- Willapa, Washington Location in the state of Washington
- Coordinates: 46°40′32″N 123°39′53″W﻿ / ﻿46.67556°N 123.66472°W
- Country: United States
- State: Washington
- County: Pacific
- Foundation: 1852

Area
- • Total: 0.278 sq mi (0.720 km^{2})
- • Land: 0.278 sq mi (0.720 km^{2})
- • Water: 0 sq mi (0.000 km^{2})
- Elevation: 26 ft (7.9 m)

Population (2010)
- • Total: 210
- Population as of 2010 U.S. Census
- Time zone: UTC−8 (PST)
- • Summer (DST): UTC−7 (PDT)
- ZIP code: 98577
- Area code: 360
- FIPS code: 53-78995
- GNIS feature ID: 2586751

= Willapa, Washington =

Willapa is a census-designated place (CDP) in Pacific County, Washington, east of the city of Raymond. As of the 2020 census, Willapa had a population of 208. The name comes from that of the Willapa people, an Athapaskan-speaking people, now extinct, who occupied the Willapa River valley, which was similarly named after the Willapa people, along which the census-designated place Willapa is located.

==History==
The town is actually one of the oldest European-founded towns in the area, being founded back in 1852. The first name was "Woodard’s Landing", named after Samuel Lowell Woodard, the first settler within the town. The current name was only adopted after the establishment of the first postal office in the area.

==Geography==
According to the United States Census Bureau, the CDP has a total area of 0.28 square miles (0.73 km^{2}), of which all of it (100.0%) is land and none of it (0.0%) is water.

==Demographics==

Willapa first appeared as a census designated place in the 2010 U.S. census.

Historical population
| Census | Pop. | Note | %± |
| 2010 | 210 |  | — |
| 2020 | 208 |  | −1.0% |
U.S. Decennial Census 2000 2010

===Racial and ethnic composition===

Willapa CDP, Washington – Racial and ethnic composition Note: the US Census treats Hispanic/Latino as an ethnic category. This table excludes Latinos from the racial categories and assigns them to a separate category.
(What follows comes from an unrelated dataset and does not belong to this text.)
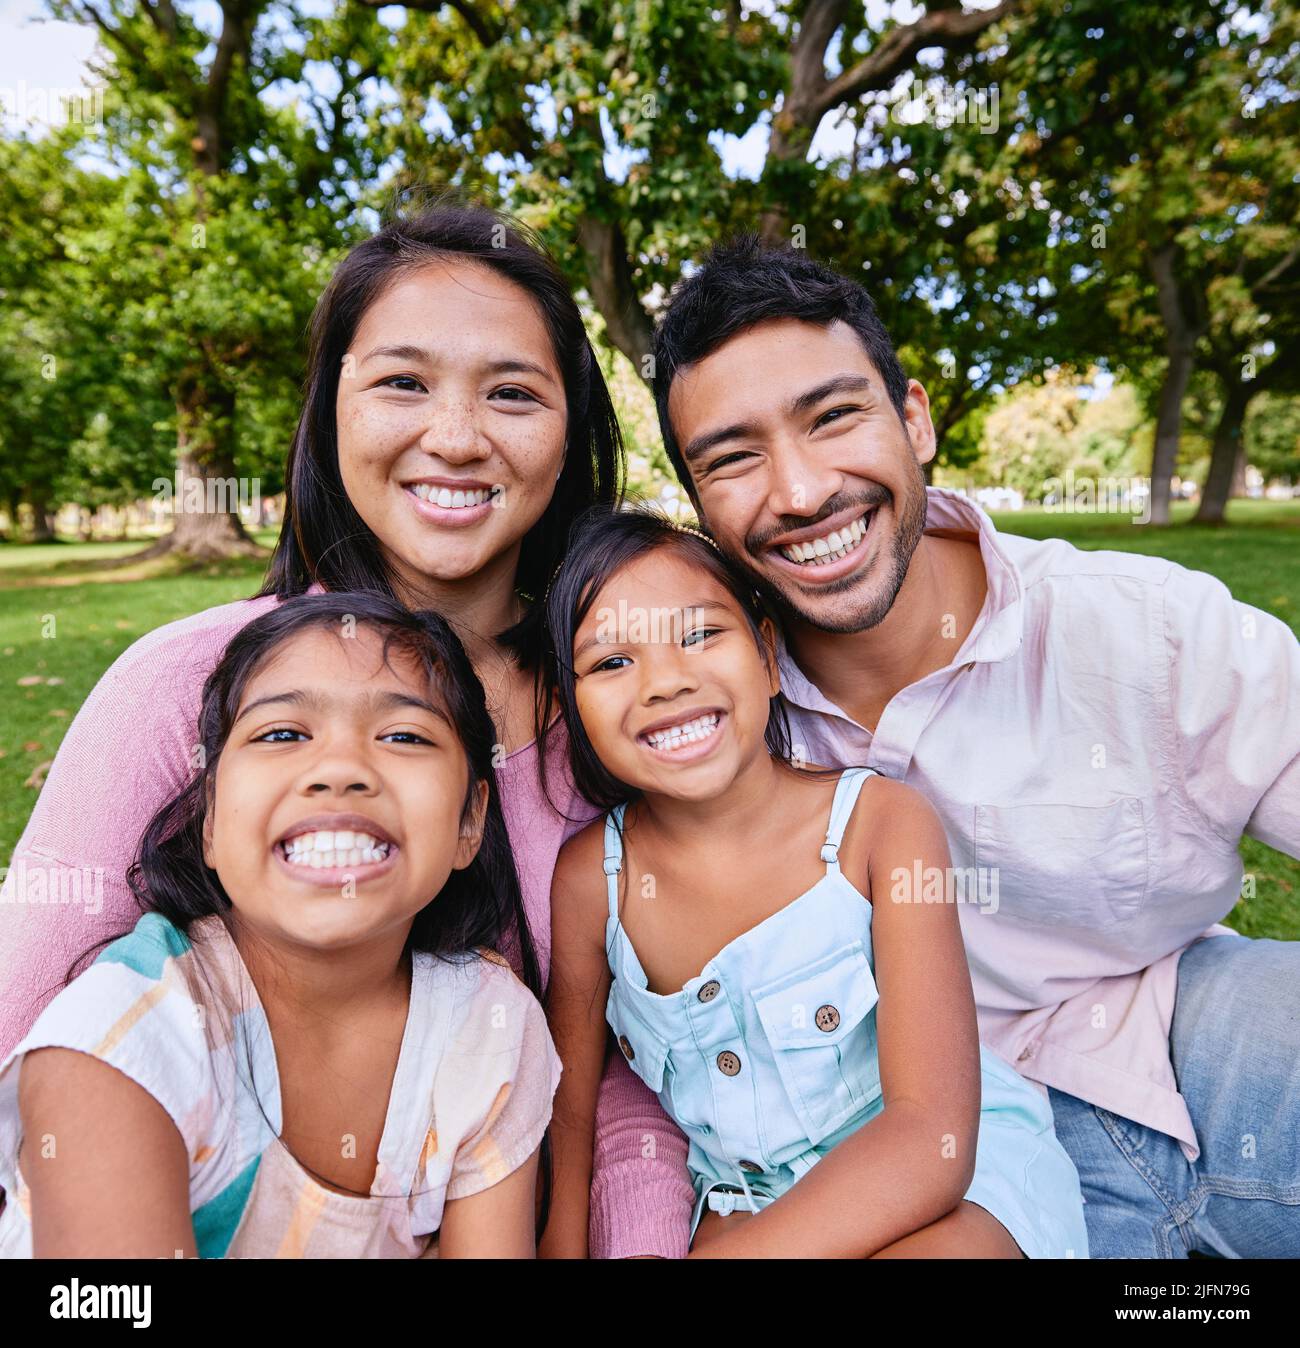 Porträt einer glücklichen asiatischen Familie im Park. Familienportrait von Ehemann und Ehefrau, die mit ihren Töchtern sitzen und ihre Freizeit genießen Stockfoto

Hispanics/Latinos may be of any race.
| Race / Ethnicity (NH = Non-Hispanic) | Pop 2010 | Pop 2020 | % 2010 | % 2020 |
|---|---|---|---|---|
| White alone (NH) | 197 | 179 | 93.81% | 86.06% |
| Black or African American alone (NH) | 0 | 0 | 0.00% | 0.00% |
| Native American or Alaska Native alone (NH) | 4 | 2 | 1.90% | 0.96% |
| Asian alone (NH) | 0 | 3 | 0.00% | 1.44% |
| Native Hawaiian or Pacific Islander alone (NH) | 0 | 0 | 0.00% | 0.00% |
| Other race alone (NH) | 0 | 0 | 0.00% | 0.00% |
| Mixed race or Multiracial (NH) | 3 | 9 | 1.43% | 4.33% |
| Hispanic or Latino (any race) | 6 | 15 | 2.86% | 7.21% |
| Total | 210 | 208 | 100.00% | 100.00% |

===2010 census===
As of the census of 2010, there were 210 people, 81 households, and 62 families residing in the CDP. The population density was 755.4 /mi2. There were 88 housing units at an average density of 316.5 /mi2. The racial makeup of the CDP was 95.7% White, 0.0% African American, 2.9% Native American, 0.0% Asian, 0.0% Pacific Islander, 0.0% from other races, and 1.4% from two or more races. Hispanic or Latino of any race were 2.9% of the population.

There were 81 households, out of which 32.1% had children under the age of 18 living with them, 65.4% were married couples living together, 7.4% had a female householder with no husband present, and 23.5% were non-families. 19.8% of all households were made up of individuals, and 27.2% had someone living alone who was 65 years of age or older. The average household size was 2.59 and the average family size was 2.90.

In the CDP, the age distribution of the population shows 24.3% under the age of 18, 5.2% from 18 to 24, 19.0% from 25 to 44, 39.0% from 45 to 64, and 12.4% who were 65 years of age or older. The median age was 45.5 years. For every 100 females, there were 92.7 males. For every 100 females age 18 and over, there were 96.3 males.